No, the phrase is "ter direito a". I admit that "temos o direito" also exists, but it wouldn't be the right phrase in this case.

P.S. I've just thought of something else. I think "ter o direito de" means "to have the right of/to", but "ter direito a" more properly means "to be *entitled* to". Perhaps this can explain it.



			
				nycphotography said:
			
		

> And why wouldn't it need to be *direito de isto* or *direito por isto*? Can you explain this construct with other examples?   (I know we do it in english, but I didn't expect it in Portuguese.)


I'm afraid any answer I came up with would be mere guesswork.
The Portuguese construction doesn't seem too far off from the English one, though:

ter direito a = to have the/a right *to* [Not 'right of', or 'right for/by'.]



			
				nycphotography said:
			
		

> Finally: *isto*
> 
> In this case, does *isto* refer specifically to the subject of the preceeding sentence (a placeholder / tag)?  Or is it a philosophical impersonal symbol for 'this life'?  Or does it have some other literal / grammatical meaning that I can't grasp ;-)

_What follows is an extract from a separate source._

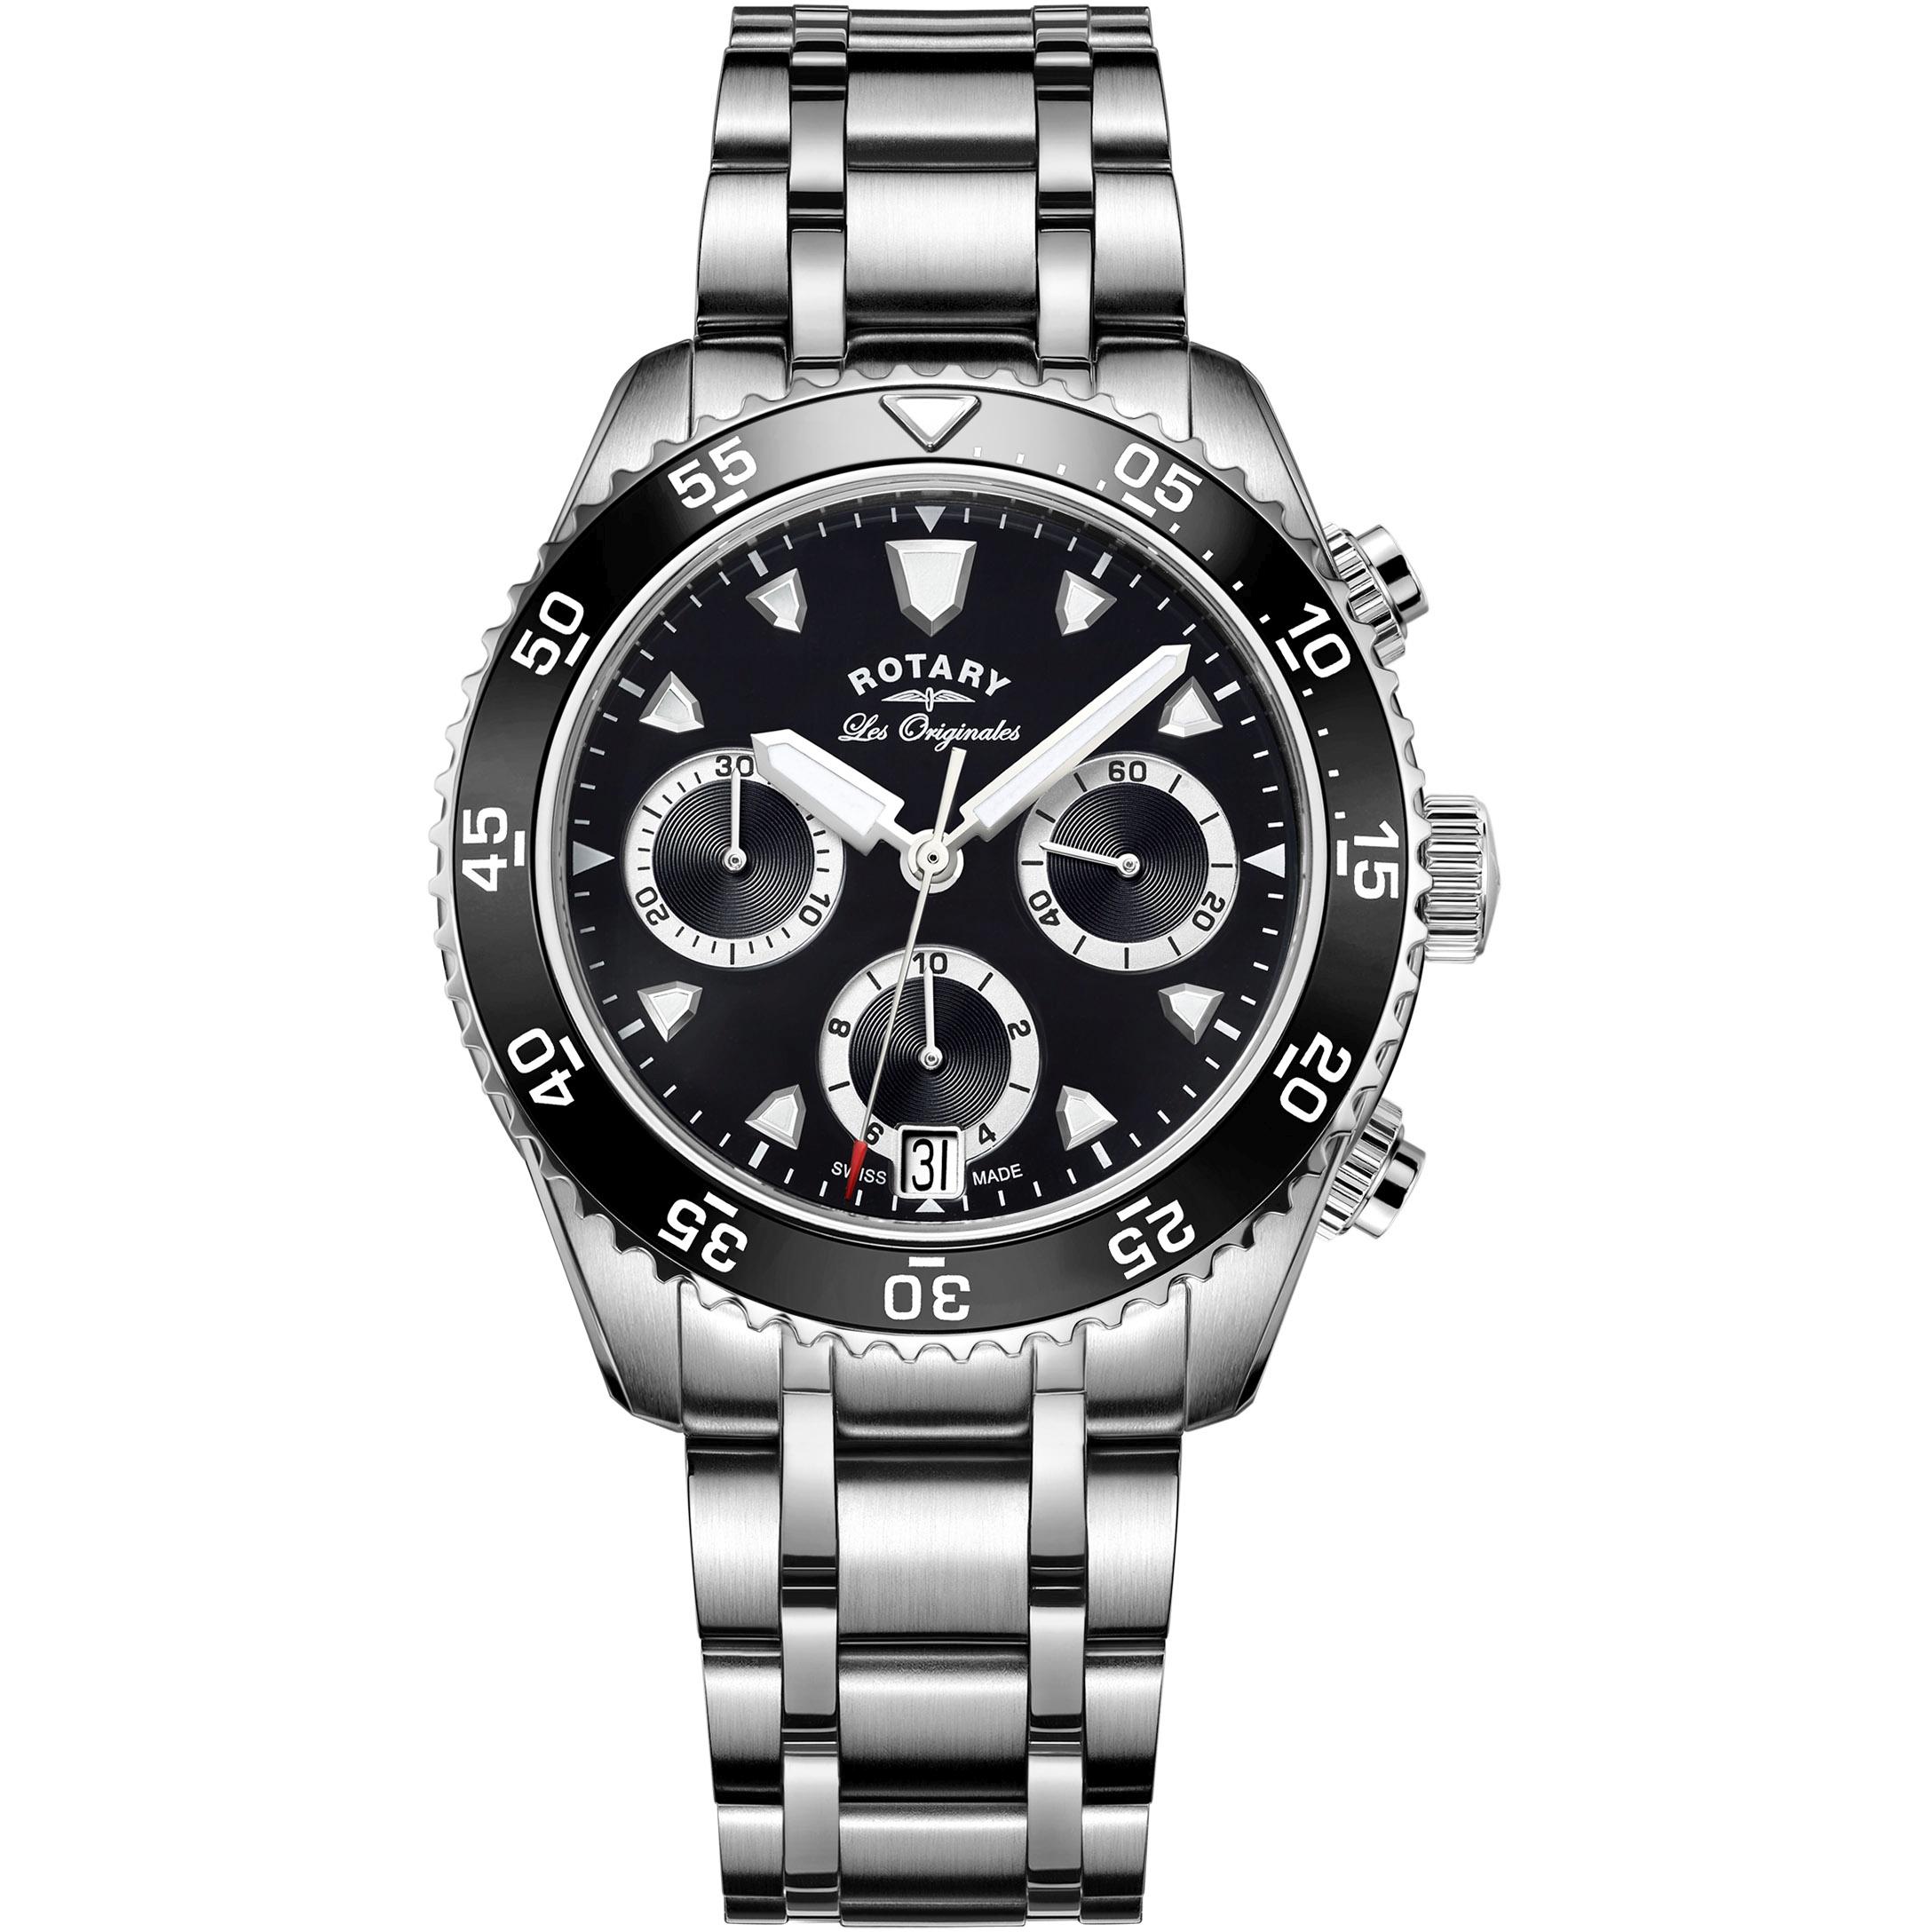 f4126542cf78 Gents Rotary Swiss Made Legacy Dive Quartz Chronograph Watch (GB90170 04)

Your second suggestion is the right one. "Isto" means something like "this, here", "this, around us", "this we already know".


----------



## nycphotography

Thank you.   I'm almost done beating this horse  ;-)



			
				Outsider said:
			
		

> ter direito a = to have the/a right *to* [Not 'right of', or 'right for/by'.]


 
So with a verb... would it be: 
_ter direito comer?_
or
_ter direito a comer?_


----------



## Vanda

nycphotography said:
			
		

> So with a verb... would it be:
> _ter direito comer?_
> or
> _ter direito a comer?_


 
*ter direito a* alguma coisa (sempre) , neste sentido 
a regência nominal (collocation) é a prep *a.* 

No caso de direito concedido por lei, por exemplo,
a prep. será *de*. 
Ex.: direito de pesca. (the right given by an authority 
to fish)

If you want to know how our politicians use and
abuse of _ter o direito de_ .......
look in here.


----------



## nycphotography

One more:

-- Ora, não me importo. Mesmo Assim. Aceito.

Mesmo assim = Assim memso?

Are they the same, and fully interchangeble, or different and distinct?

In this usage? or in most uses?


----------



## Outsider

Penso que a duas expressões não são sinónimas. É difícil lembrar-me de todos os sentidos que podem ter, mas acho que em geral:

_mesmo assim_: even so
_assim mesmo_: that way, just like that

Talvez a Vanda possa dar uma explicação mais detalhada.


----------



## nycphotography

ugh.  I was afraid of that.  hehe


----------



## Vanda

Outsider made it clear crystal.


----------